Der Siegeszug des Coffee to go
Wie bei jeder genialen Erfindung waren die Menschen am Anfang nicht davon begeistert. Erst während der Spanischen Grippe zehn Jahre später, die weltweit Millionen Todesopfer forderte, griff man vermehrt auf den Einwegbecher zurück. So wurde die Spanische Grippe ungeplant zur Marketing-Kampagne und von diesem Moment an verbreitete sich der Einwegbecher in den kommenden Jahrzehnten immer weiter.
Kaffee setzte sich als Genussmittel für breite Bevölkerungsschichten nach dem Zweiten Weltkrieg durch. Bald kam die Imbisskette "7-Eleven" in New York auf die Idee, heiße Getränke in Einwegbechern zum Mitnehmen anzubieten. Gewissermaßen ist das die tatsächliche Geburtsstunde des Coffee to go, mit Bechern noch aus Styropor, nicht aus Plastik oder Pappe.
In den 80er Jahren hat Starbucks den Deckel zum Becher erfunden. Ursprünglich war der dazu gedacht, für den Milchschaum auf Kaffeegetränken wie Latte Macchiato Platz zu schaffen. Diese Art von Kaffeegetränken hatte man in Italien entdeckt. Dass der Deckel gegen Kaffeeflecke auf der frisch gewaschenen Bluse half, stellte sich als angenehmer Nebeneffekt heraus.
Und seit wann gibt es den Coffee to go in Deutschland? Erst in den 90er Jahren schaffte es der Kaffee-Einwegbecher über das große Meer nach Europa. Bei uns benutzte man ihn zuerst für Filterkaffee, dann kamen Cappuccino und seine Geschwister dazu. Seitdem ist der Siegeszug des Coffee to go nicht mehr aufzuhalten.
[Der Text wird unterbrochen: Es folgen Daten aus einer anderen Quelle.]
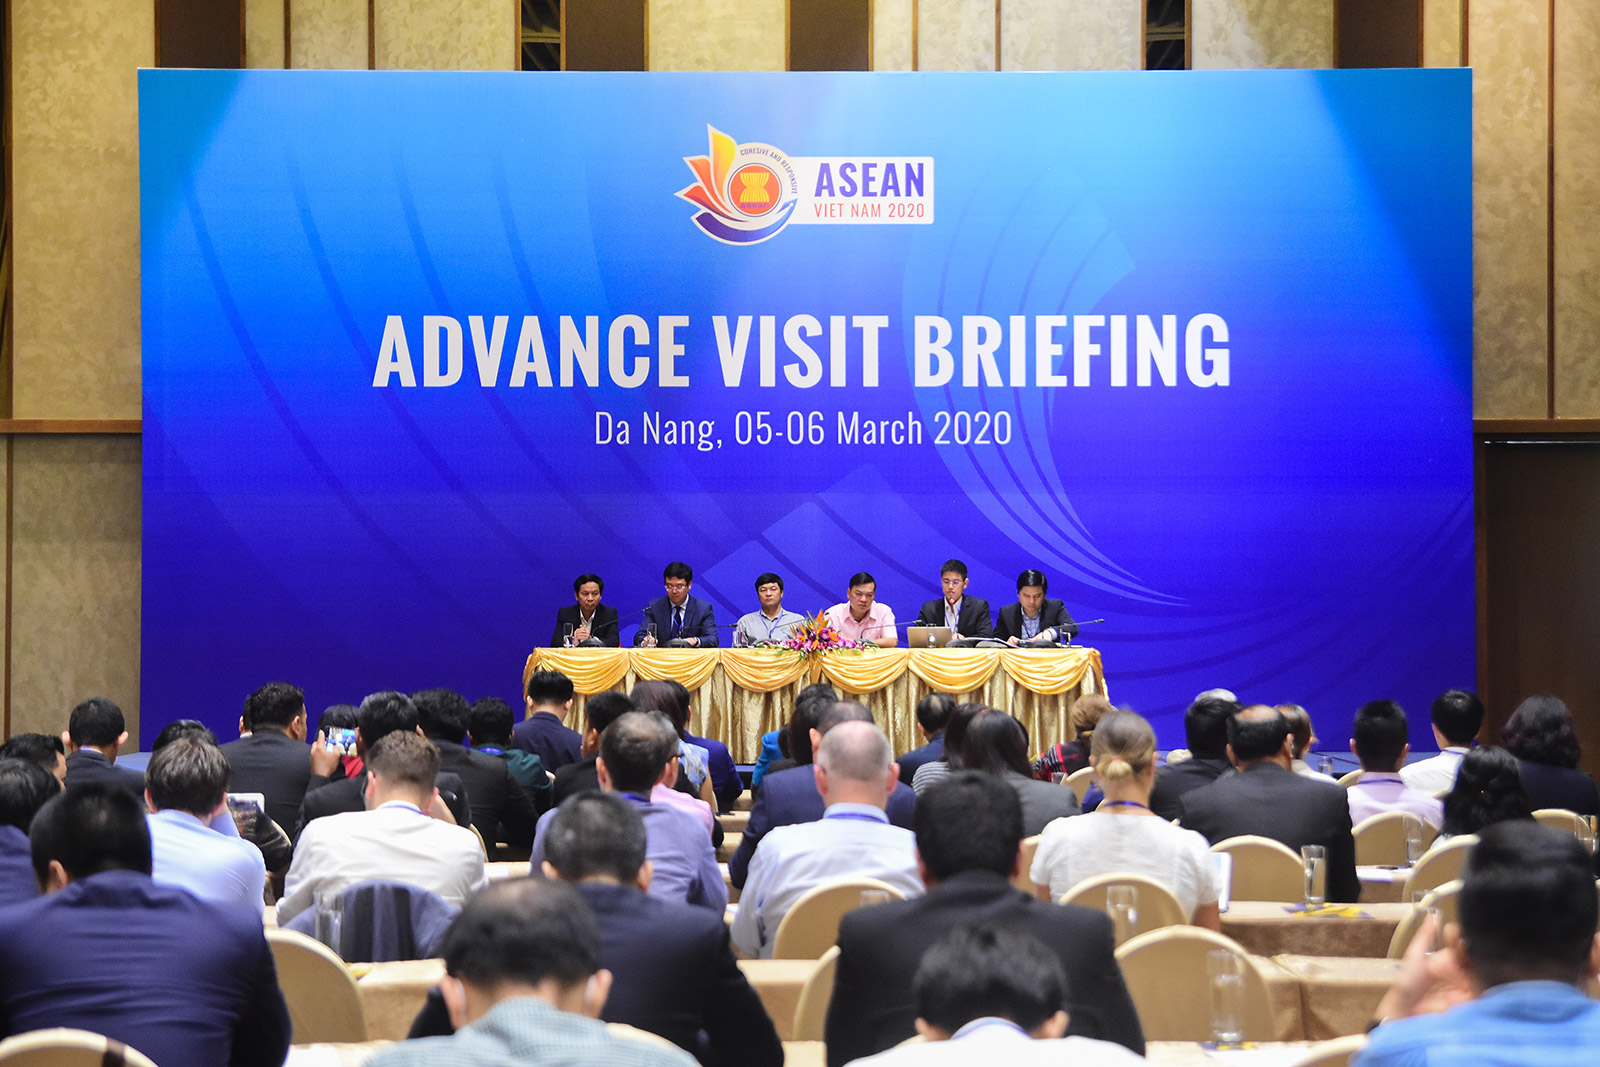 2020 ASEAN SUMMITS IN DANANG: ADVANCE VISIT BRIEFING

Der Coffee to go kam, um zu bleiben
Der Coffee to go - ein Amerikaner
Alles, was aus den USA kommt, ist toll. Das stimmt natürlich nicht, aber in den letzten Jahrzehnten kommen eine große Zahl der Trends in Mode, Musik, Kunst und Kultur aus den Staaten. Auch wenn sich in den letzten Jahren ein zunehmender Antiamerikanismus verbreitet hat (unter anderem durch den Irak-Krieg), so wird unsere Kultur trotzdem von den USA stark beeinflusst. Man denke nur an den Avocado-Trend, der aus Kalifornien stammt. Oder an die Burgerketten, die überall aus dem Boden sprießen. Auch den Coffee to go kennen wir aus amerikanischen Serien und Filmen sowie aus Coffeeshops wie der San Francisco Coffee Company. Und alles, was aus Amerika kommt, ist cool. So der Coffee to go.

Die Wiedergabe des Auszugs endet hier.